Примечательно, что хоронили
Гаршина не как самоубийцу. Его провожали в последний путь как слишком рано
умершего человека, видя в нем одну из самых больших надежд русской
литературы и в то же время трагический символ поколения 70–80-х годов 19
столетия. При этом были соблюдены все христианские обычаи и традиции и
возданы все необходимые почести.
Говоря о Гаршине,
необходимо иметь в виду следующее.
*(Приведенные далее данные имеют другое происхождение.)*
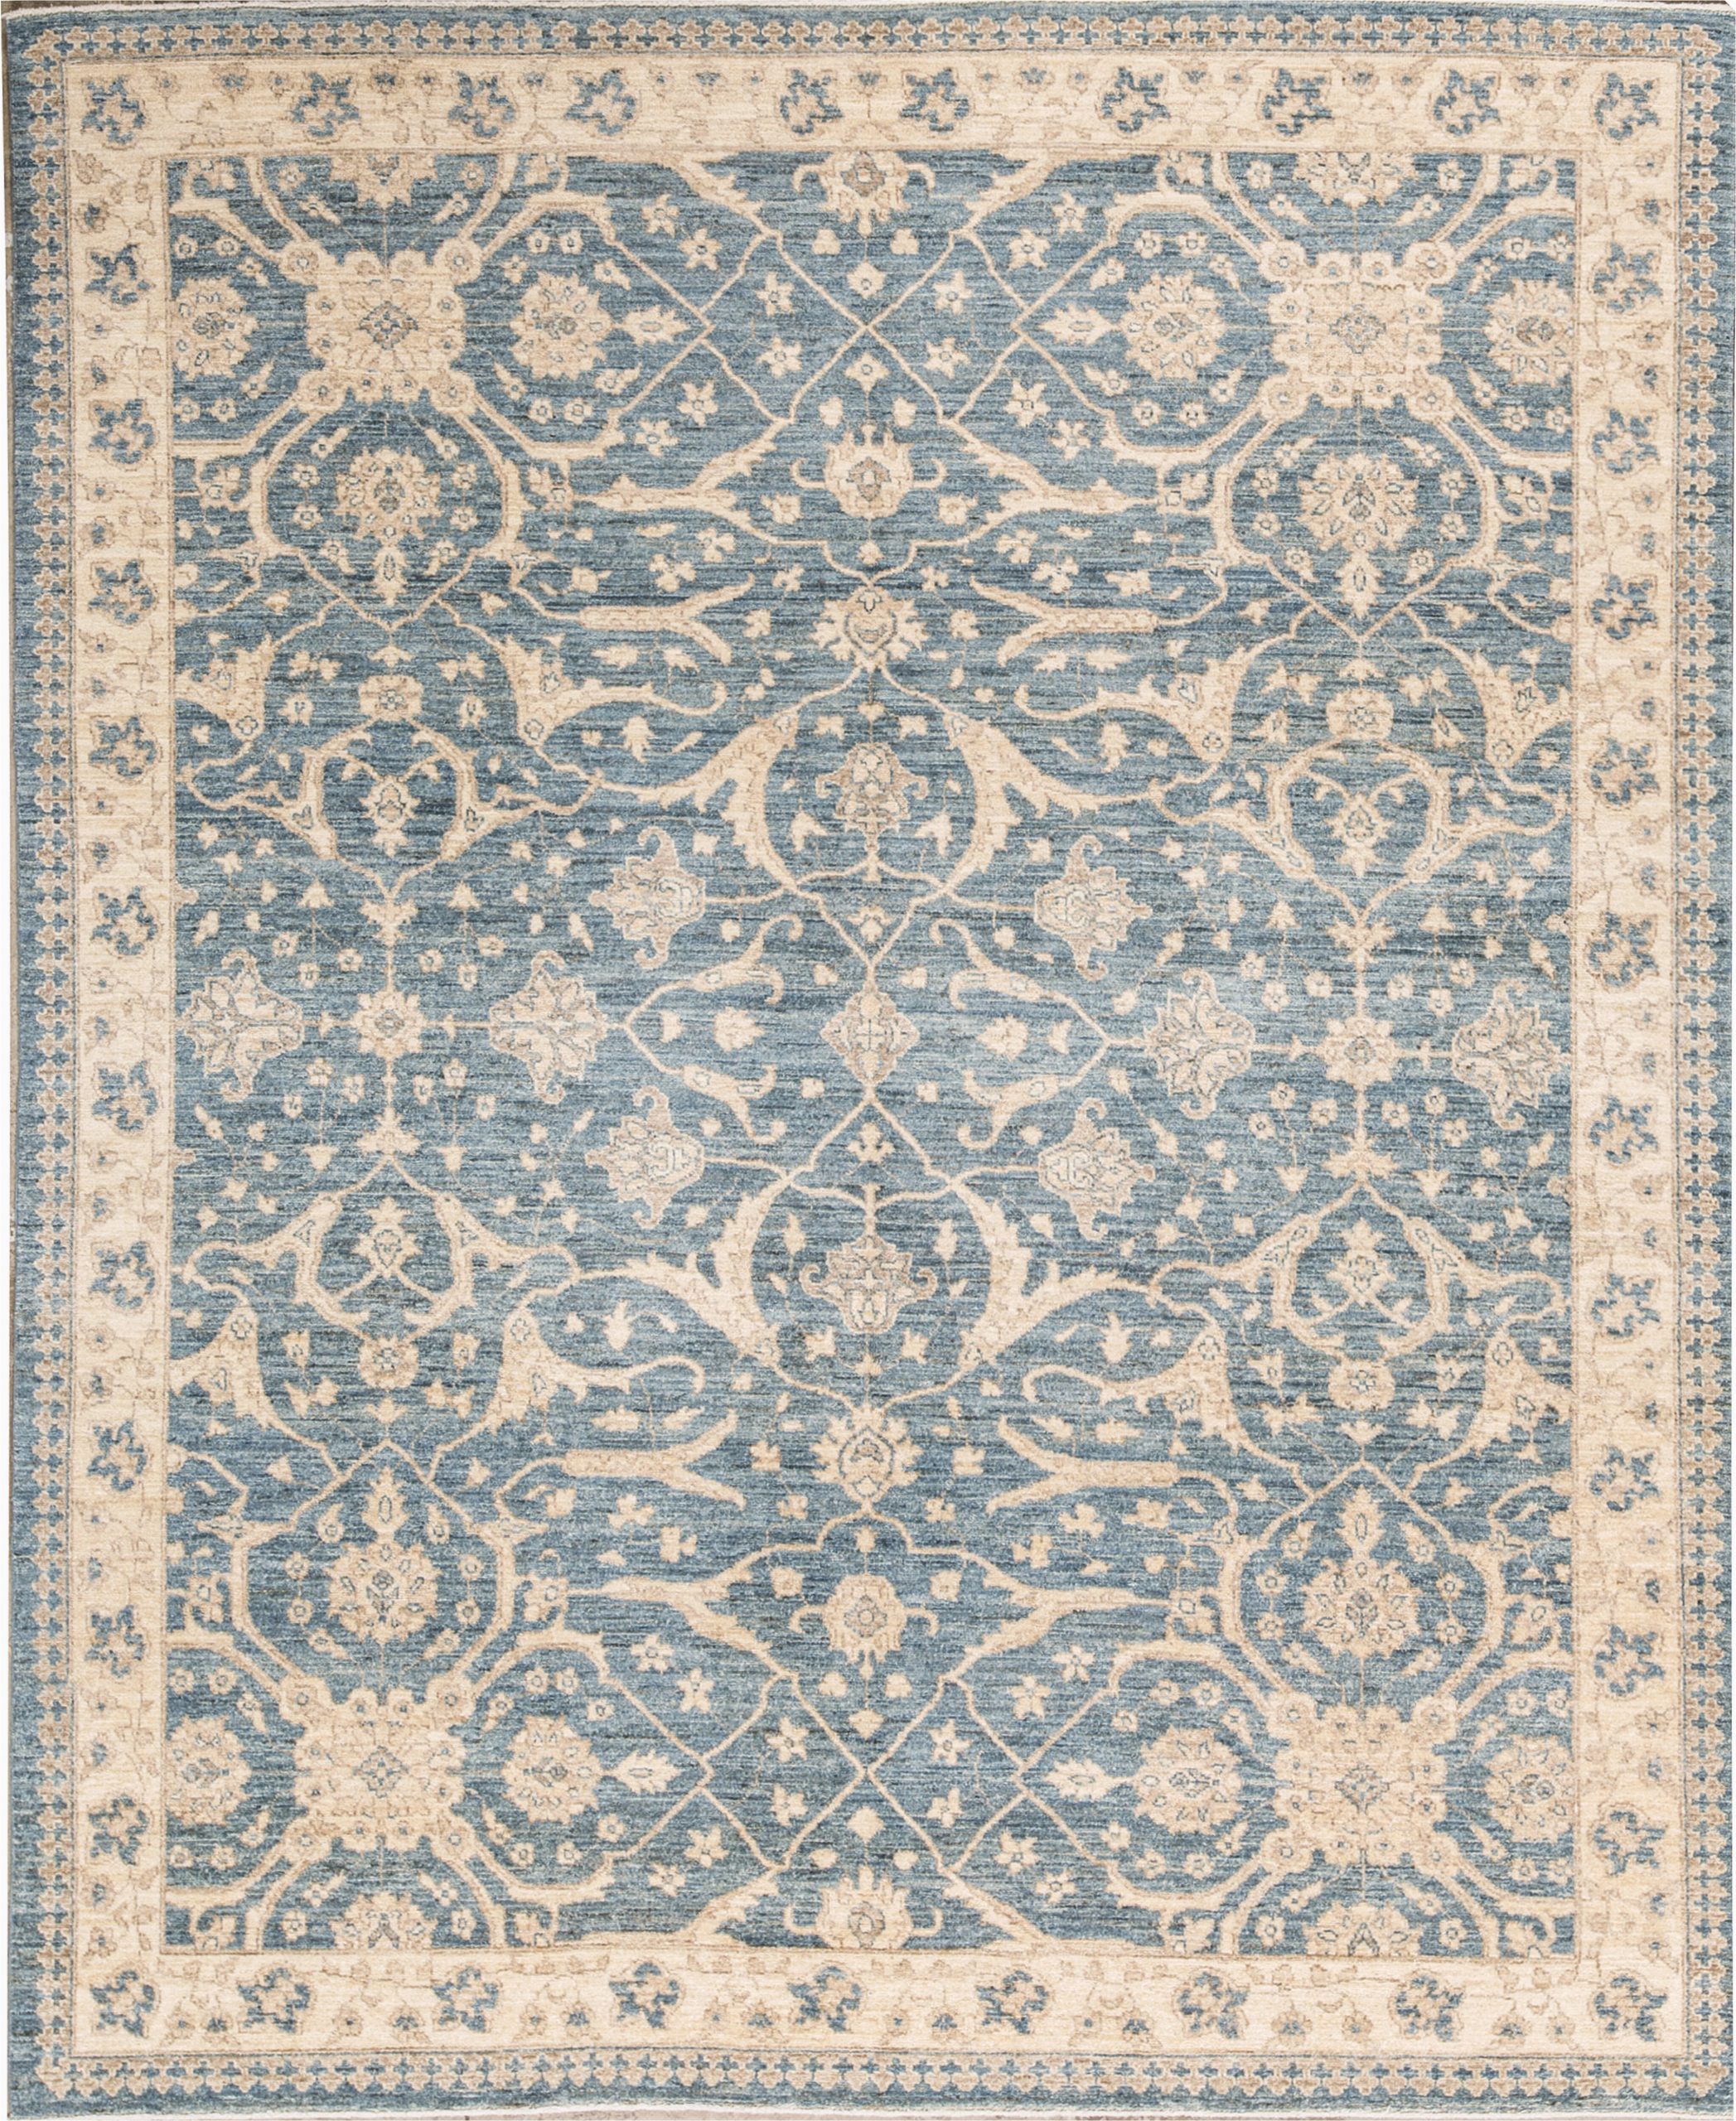 sultanabad oriental hand knotted wool light bluecream area rug

Он жил и творил в ту пору, когда в
отечественной литературе в силу влияния на умы людей революционной идеологии
преобладало не сознательное, открытое христианство, а христианство
бессознательное, опосредованное. Было бы, однако, ошибкой полагать, что с
возведением атеизма в ранг государственной политики христианские идеи и
мотивы совсем исчезли из русской литературы. Вопреки всему они продолжали
жить и плодоносить, изменилась лишь форма их проявления, ставшая более
изощренной и завуалированной. Характер гаршинского преломления
религиозно-христианских начал, помимо всего прочего, позволяет еще раз
убедиться в том, что атеизм, загнавший «в подполье» сознательное
христианство, оказался совершенно бессильным перед
xристианством
непроизвольным, «врожденным».
Знавших Всеволода Михайловича
поражала исключительная его веротерпимость. Гаршина очень многие принимали
за своего: евреи за еврея, цыгане за цыгана, татары за татарина.
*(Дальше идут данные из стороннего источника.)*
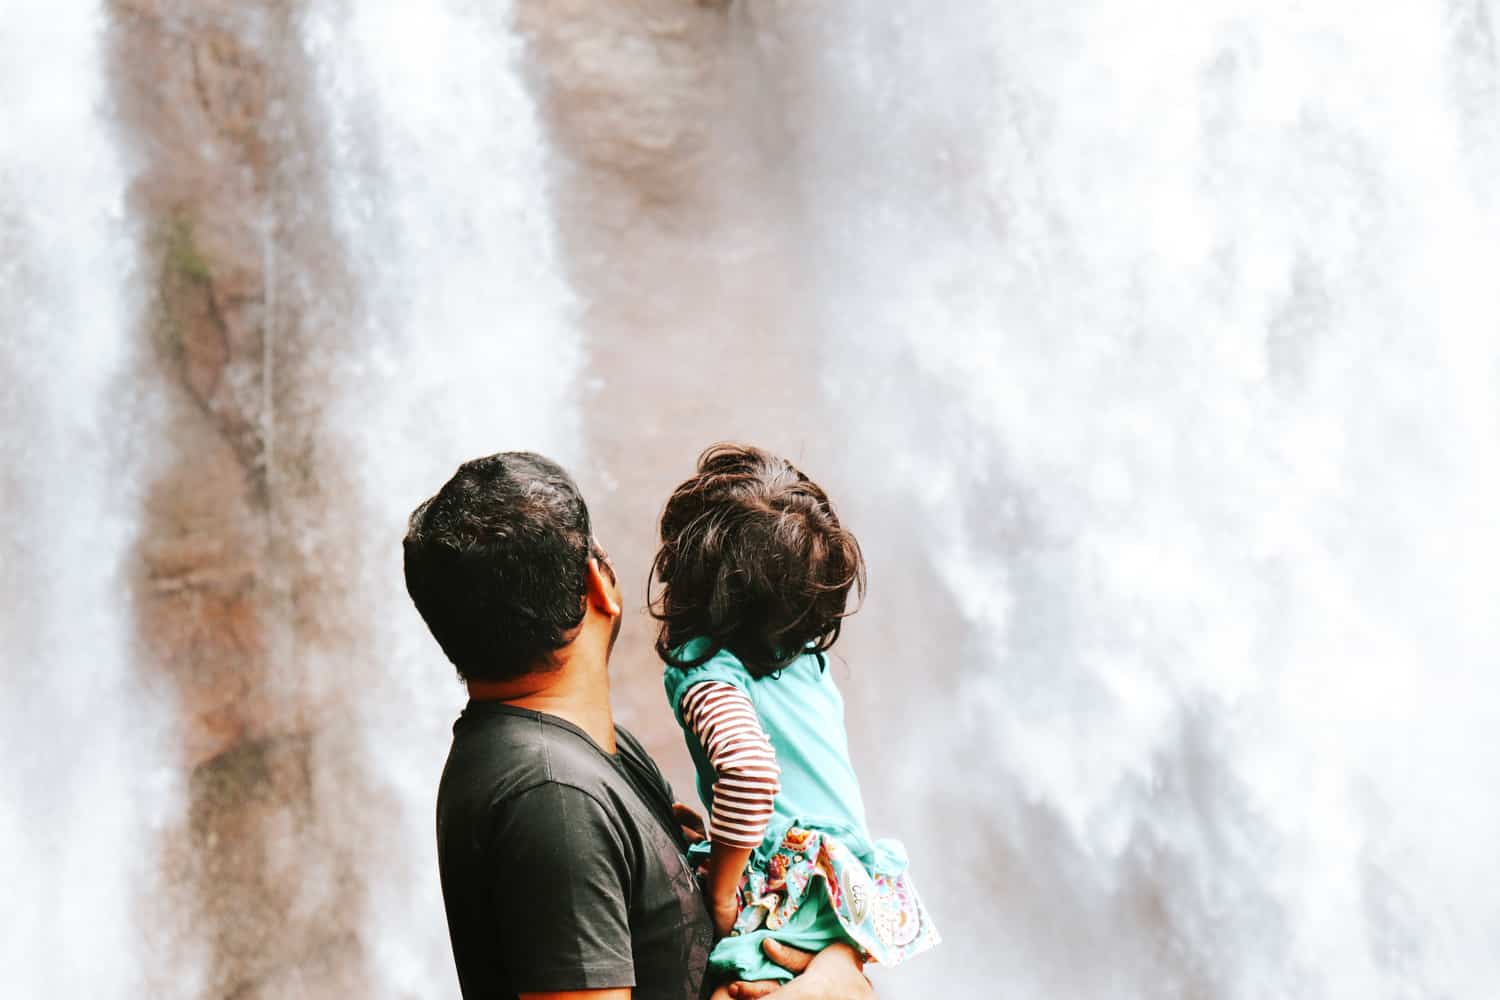 Ramboda waterfall with a toddler

Вряд ли был случаен интерес
писателя к драматической поэме Лессинга «Натан Мудрый», которую он читал
вслух своим «скучающим» товарищам по Горному институту. В этой пьесе
немецкий просветитель выступал против религиозной исключительности и ратовал
за гуманизм и равенство народов. Все это было близко Гаршину, не только
терпимо относившемся ко всем религиям мира, но и признававшему право
человека иметь атеистические убеждения.
Отношение Гаршина к
вопросам веры особенно рельефно проступает в рассказе «Ночь». Большая доля
автобиографичности присутствует в этом произведении, буквально пронизанном
христианскими мотивами. Герой этого самого «религиозного» рассказа Гаршина,
Алексей Петрович, на редкость одинок. Он приходит к выводу, что и его
собственная жизнь, и жить всех остальных людей — сплошная ложь, что за так
называемыми «добрыми поступками» стоят тщеславие, фальшь и страх. Уже никто
и ничто не в состоянии удержать его на этом светe.
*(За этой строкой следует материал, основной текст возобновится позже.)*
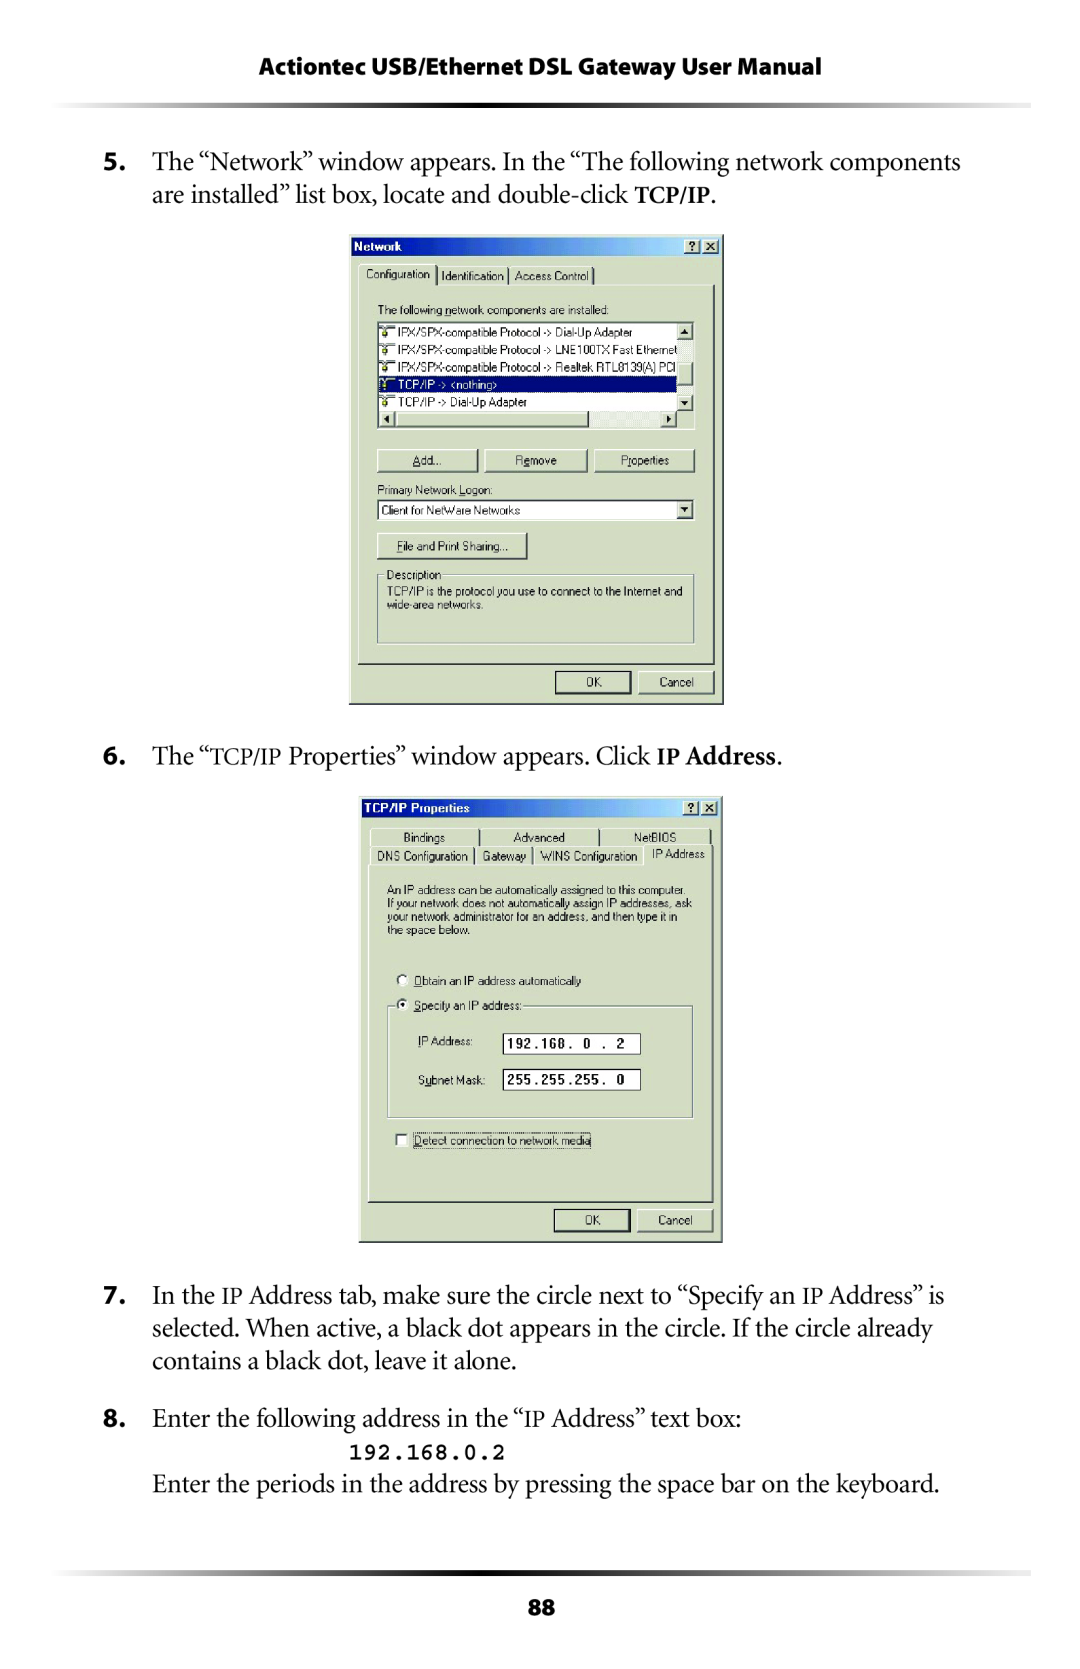 Gateway GT704 user manual The “TCP/IP Properties” window appears. Click IP Address

Он готов умереть с презрением и к самому себе, и ко всем окружающим, которые
представляются ему «кровожадными, кривляющимися обезьянами». Уставший от
бесконечной рефлексии, Алексей Петрович берет револьвер с тем, чтобы пуля
оборвала его мучительное существование. И вдруг — «в открытое окно раздался
далекий, но ясный, дрожащий звук колокола». Именно этот неожиданный,
«неуместный» звук колокола явился спасительным, очищающим
для героя, пришедшего к мысли о самоубийстве, какая-то неведомая сила
заставила его снова положить револьвер на стол.
То была не трусость, и это
отчетливо осознавал Алексей Петрович, на которого молниеносно нахлынули
детские воспоминания, связанные с посещением церкви «Церковь... духота...
Восковые свечи. Старенький пол, отец Михаил, служил жалобным, надтреснутым
голоском; дьячок басит. Хочется спать. В окна едва брезжится рассвет. Отец,
стоящий рядом со мной, склоня голову, делает торопливые маленькие кресты, в
толпе мужиков и баб сзади нас поминутные земные поклоны. Как давно это
было!.. Так давно, что не верится, что это была действительность, что сам
когда-то видел, а не прочитал где-нибудь или не слышал от кого-нибудь. Нет,
нет, было это все, и тогда было лучше. Да и не только лучше, а хорошо было.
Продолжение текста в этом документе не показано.